Compressing and forcemerging past time-based indices

Thanks @DavidTurner. You mean to say one force-merge thread for an entire cluster? Or per shard?

That's a very good question, sorry I should have been more precise. It's one thread per node. So it's worth starting as many force-merges as you can as they'll run in sequence on each node, but in parallel across the whole cluster.


Excellent. Thanks David for the clarification. Yeah I would usually run forcemerge using curator tool that is invoked via cronjob on each data node.

Hi @Christian_Dahlqvist and @warkolm

Just wanted to update you about some amazing performance numbers I ended up getting due to applying best_compression on past Read-only monthly indices and later force-merging them.

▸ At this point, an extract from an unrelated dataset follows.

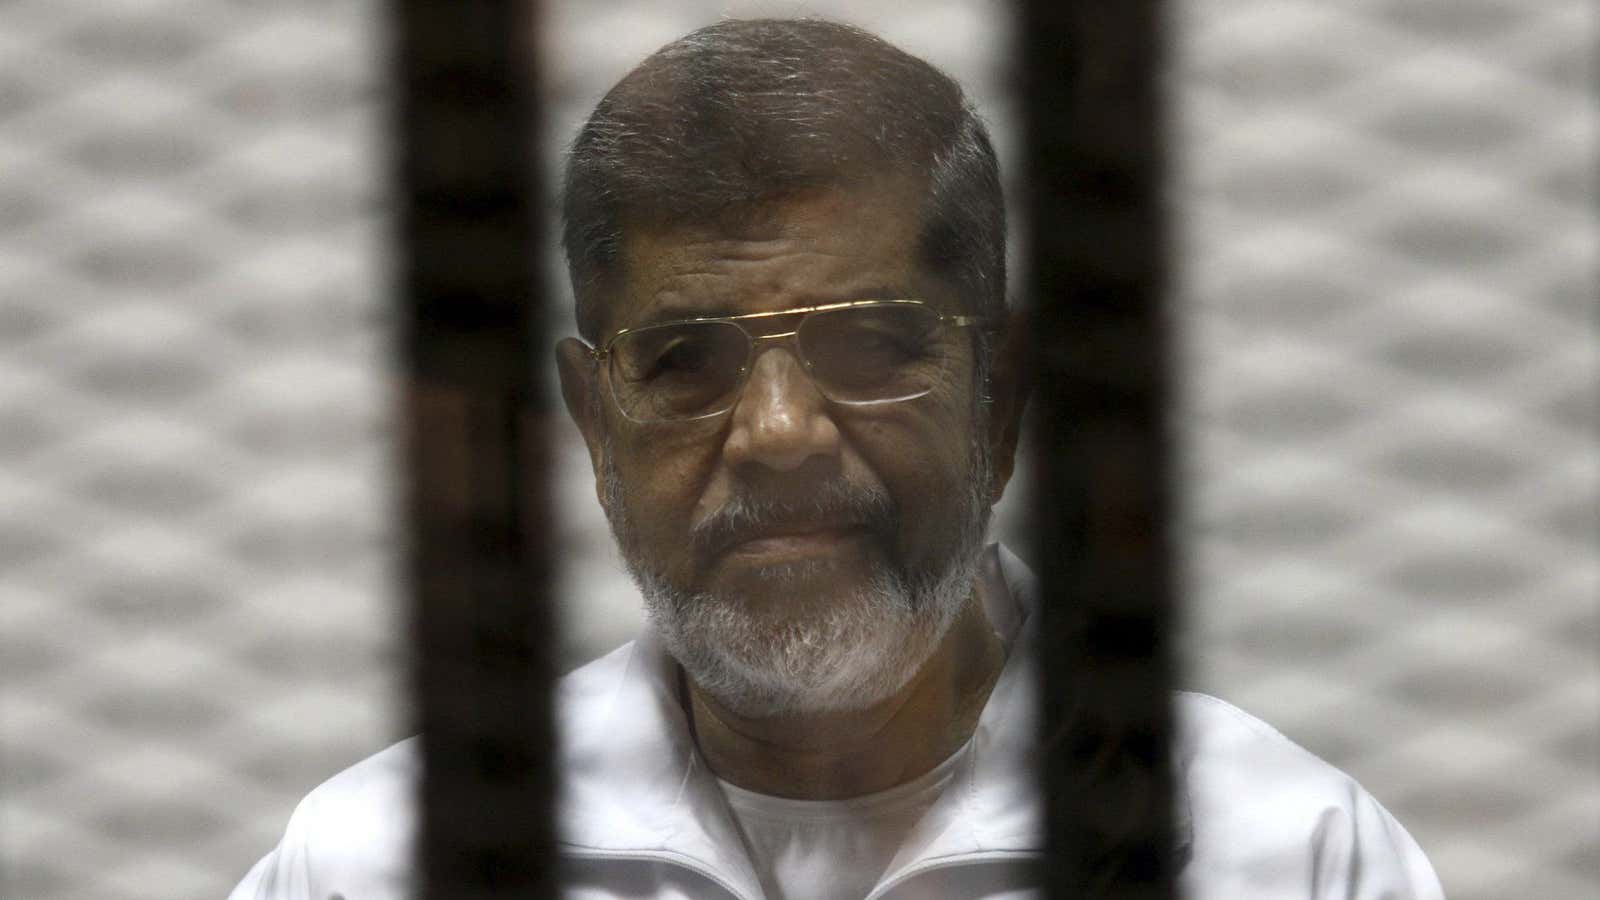 Ousted Egyptian president Mohamed Morsi behind bars during trial in Cairo this month.
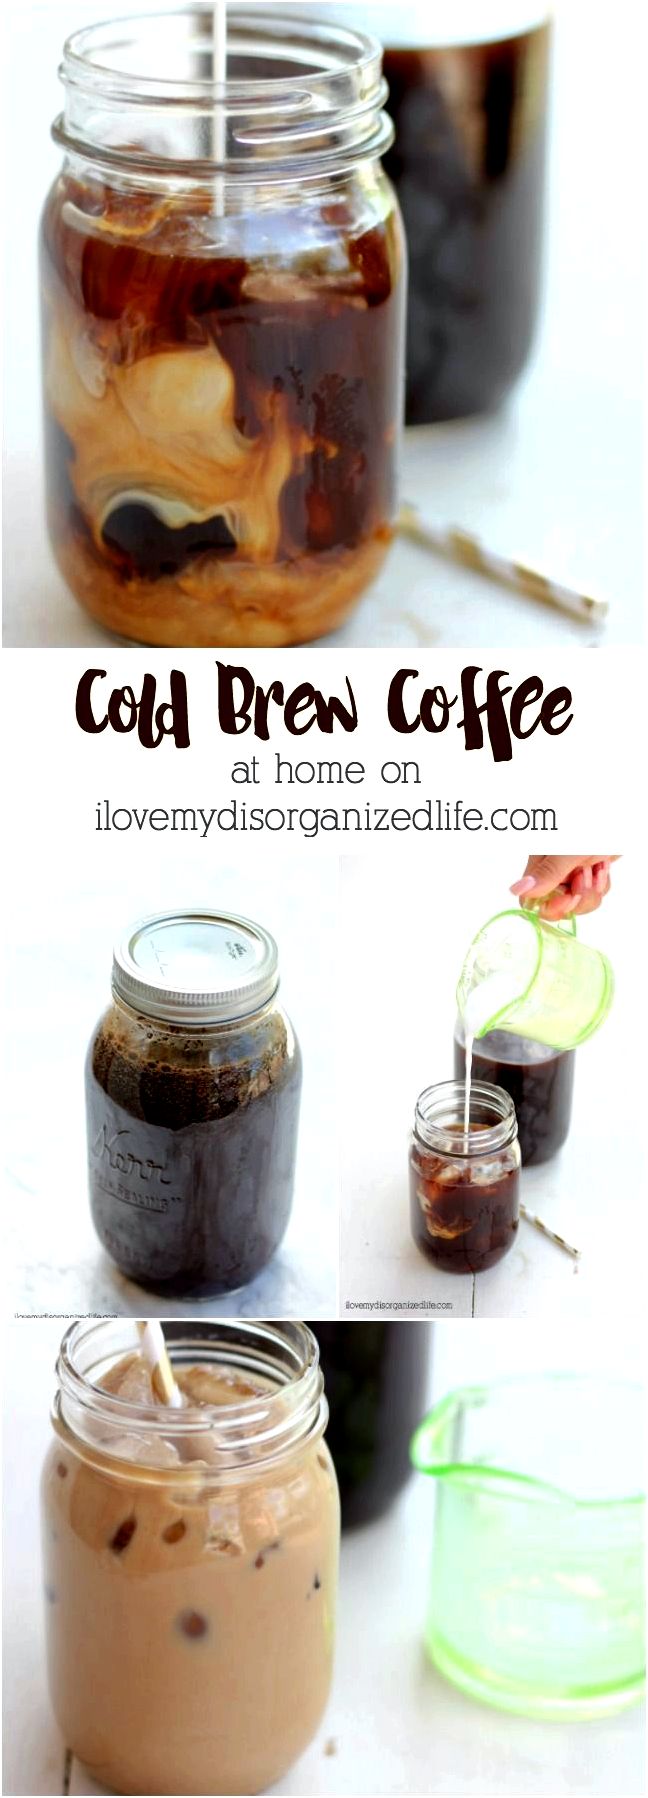 Anybody ever attempted infusing cold-brew coffee in milk rather water? : coffee new ways

Of the past 18 monthly indices that I compressed and force-merged, the minimum size reduction I achieved was a staggering 42.5% (an index of 515 GB came down to 297 GB) with the maximum being 45% (from 645 GB to 354 GB) . This has almost halved my storage requirements :tada: Heartfelt thanks !

However, I have one question. When the monthly index was 645 GB initially (the monthly index was created by re-indexing day-wise indices into monthly to improve query performance), I had opted for 12 shards so that each shard will have around ~40-55 GB in size. But now with best_compression, the size is almost down by 45% to 354 GB . My question is: should I reduce the number of shards from 12 to 6? Considering that these are already force merged, will shrinking from 12 to 6 help? Or that after shrinking, I've to again forcemerge?

Hey @Christian_Dahlqvist / @warkolm / @DavidTurner - will really appreciate some insights on this.

Apologies for multiple tags.

Tricky to say. 20-30GB isn't unreasonably small for shards so IMO you could just leave them at 12; OTOH there is usually some data duplicated across shards (e.g. the terms dictionary) so shrinking might save you some more space. You don't have to force-merge anything, and again it's tricky to say whether it'll improve things further. I don't think you'll find another 40% of space savings but it depends on the details of your data.

Sorry there's no definitive answer here, I don't think we can offer more guidance than to try it and see. You've certainly got space to experiment now :slight_smile:


Thanks a ton, David. Totally understand. That helps a lot. I was just looking for some guidance that is it worth trying or not. From your inputs, it seems it would be worthwhile to try shrinking and see. I agree that 20-30 GB isn't too small for shards and that there may not be much impact by shrinking. But the only reason I thought to shrink was - when searching past 18 months data (current month index + past 18 monthly indices), the query currently hits 19 indices * 12 shards = 228 shards. I thought that if I reduce to 6, the query will hit just 114 shards. That was my reasoning.

Of course, not expecting 40% space savings again. More than happy with the gains I've obtained :sweat_smile:

So I suppose, I can run curator to shrink shards from 12 to 6. And since the data is already force merged, I reckon each index will end up with 6 segments for primary instead of current 12.

Thanks for all your inputs.

That makes sense; searching fewer larger shards can be more efficient (because of how the data structures scale) but it can also be less efficient (e.g. uses fewer parallel threads). It all depends...

Shrinking doesn't necessarily adjust the segment count. If you currently have twelve 20GB shards each with a single segment then shrinking by a factor of two will almost certainly leave you with six 40GB shards each with two segments.

And that means, after shrinking, it will need to be force-merged if I want to reduce the segments to 1?

Got it. In that case, I think I'm better off with what I've now :slight_smile:

This topic was automatically closed 28 days after the last reply. New replies are no longer allowed.